One of the standard questions for candidates at the end of a conference interview is: “Do you have any questions for us?” Which of the following do you think job candidates ask most rarely?
- Will you tie me up?
- Do you spank in your department before tenure?
- Is that the PMLA in your pocket, or are you just glad to see me?
- All of the above.
From today’s Vitae, we see that some a$$hat put an ad on Craig’s List for power exchange interview sex at the Modern Language Association meeting in Chicago this weekend. Now he is sorry because, shockingly, people thought it was inappropriate. Indeed, one wonders if college presidents will withdraw their support for the MLA until their members go back to hooking up in the Milton cash bar like they used to do. To excerpt:
50 Shades of MLA: The Scholar Who Sought Role Play on Craigslist Is Really Sorry
“MLA interviews, fraught with tension, can also be thick with eroticism,” he writes. [Yes, we have all read Jane Gallop, but we can't all be Jane Gallop, can we?] “As a veteran of many (and a current job candidate), I’d like to indulge in a little stress-relief fantasy role-play at this year’s conference. I propose to play interviewee to your interviewer.” [Because there's nothing that says "I'm ready for new intellectual and professional challenges" than rehearsing how you will have sex with your senior colleagues.]
The author, who identifies himself as a 37-year-old assistant professor, then helpfully goes on to detail exactly how this scenario should play out. (Yes, his tenure status was noted. Because if you’re looking on Craigslist for a booty call, you’ll want someone with job security.) [And a good lawyer.]
“I will arrive at your MLA hotel room, in my interview suit, ready to discuss my research, my place in my field, my theoretical approaches, my teaching methods, etc.,” he writes. [While you are at it, offer me a light caning.] “You ask me the appropriate questions and listen, interrupt, challenge, acting as a typical faculty member of a hiring committee. [Who is also an irresponsible, sexist horndoggy.] You explain that your colleagues are respectively ill in bed and unable to attend because of personal obligations, but, yes, you are authorized to advance my candidacy.” [The condoms are in a bowl in the bathroom.]

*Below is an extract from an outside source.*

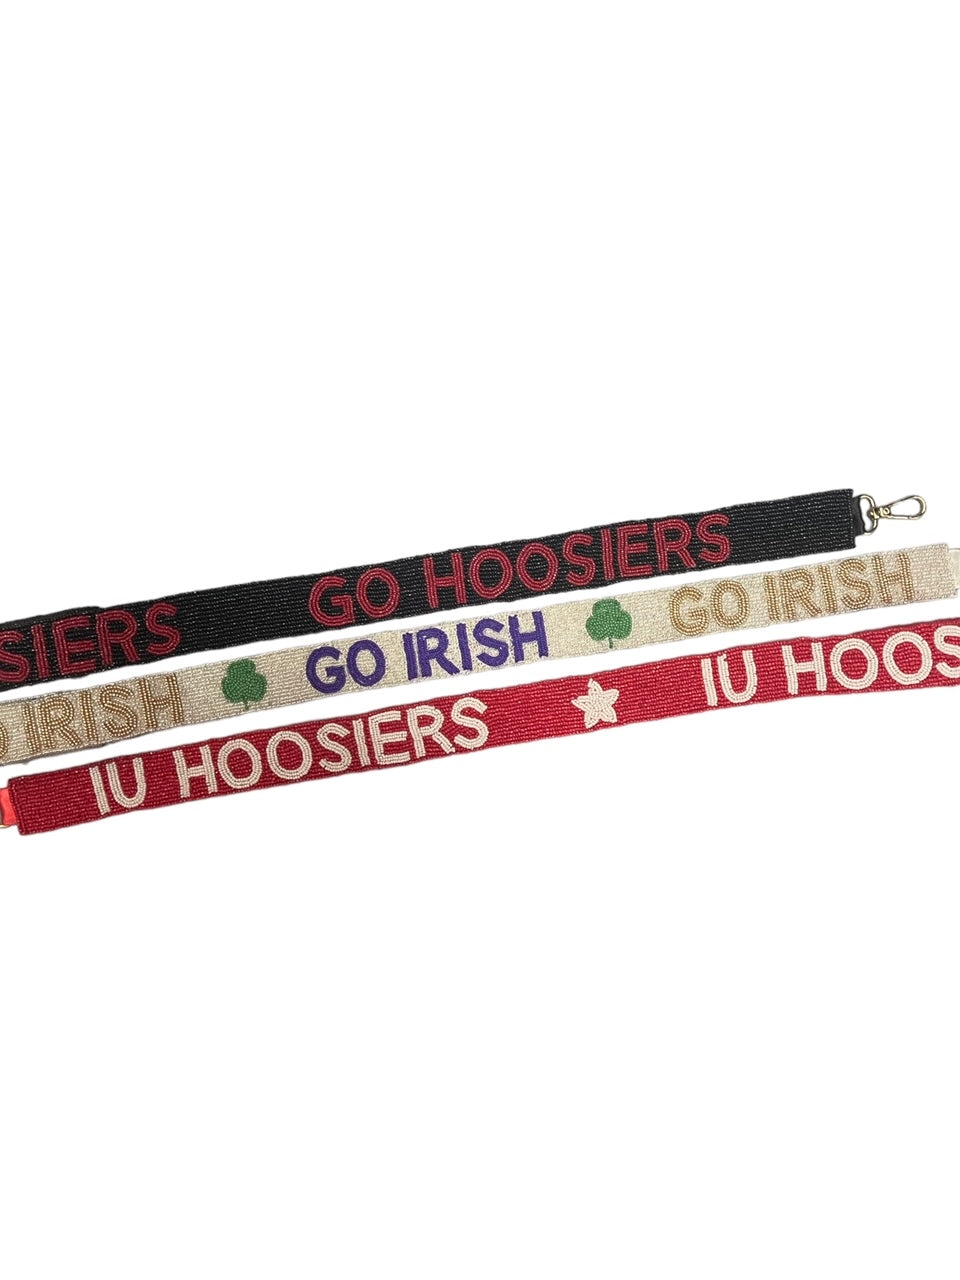 Game Day, Beaded Bag Strap, Clear Bag Strap, Football Strap

So one of the things I wonder about this is how it feels, as a job candidate in a bad market, to see a really fraught process being trivialized on Craig’s List as a conference sex scene. I also wonder, for those of you who are actually interviewing people at MLA: when guys who fit the description walk into the room, do you ask yourself: OMG, is that him?

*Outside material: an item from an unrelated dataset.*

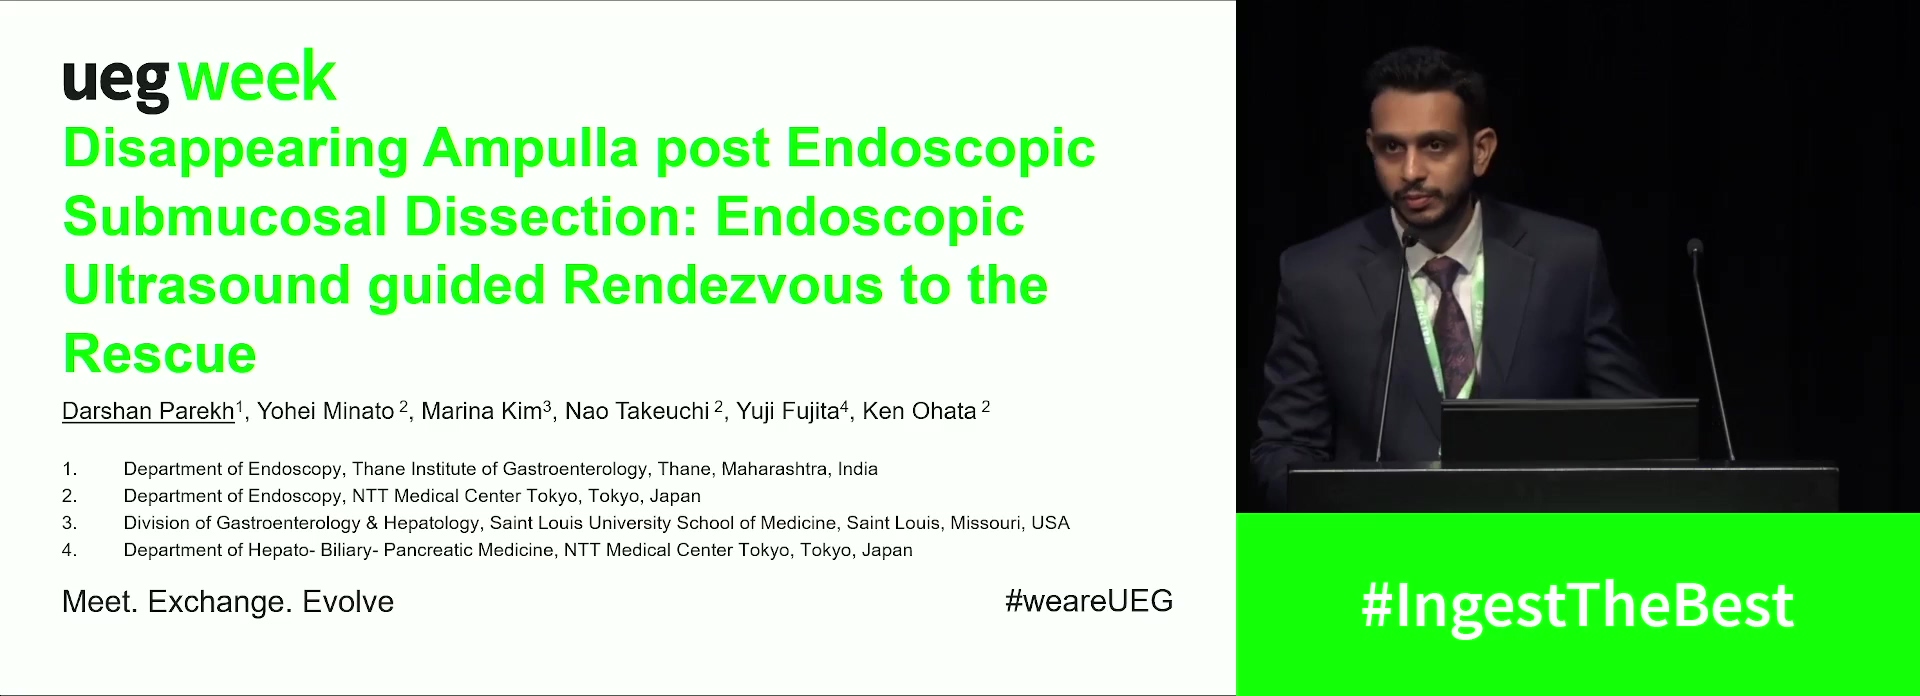 DISAPPEARING AMPULLA POST ENDOSCOPIC SUBMUCOSAL DISSECTION: ENDOSCOPIC ULTRASOUND GUIDED RENDEZVOUS TO THE RESCUE

Commenters: how does a sexual harassment fantasy as an interview power exchange scene, played out at an actual conference where interviews are taking place, strike you? Does f^cking your way into a job seem different for women than for men – and does it matter that the
sex candidate fictional job applicant is offering to top or bottom? If you are one of this man’s colleagues, would you suggest that he take the sexual harassment training again? The anonymous poster has offered an online apology: is that enough? Should we just drop it? I am particularly interested in hearing from those of you who have been sexually or racially harassed in a conference or campus interview.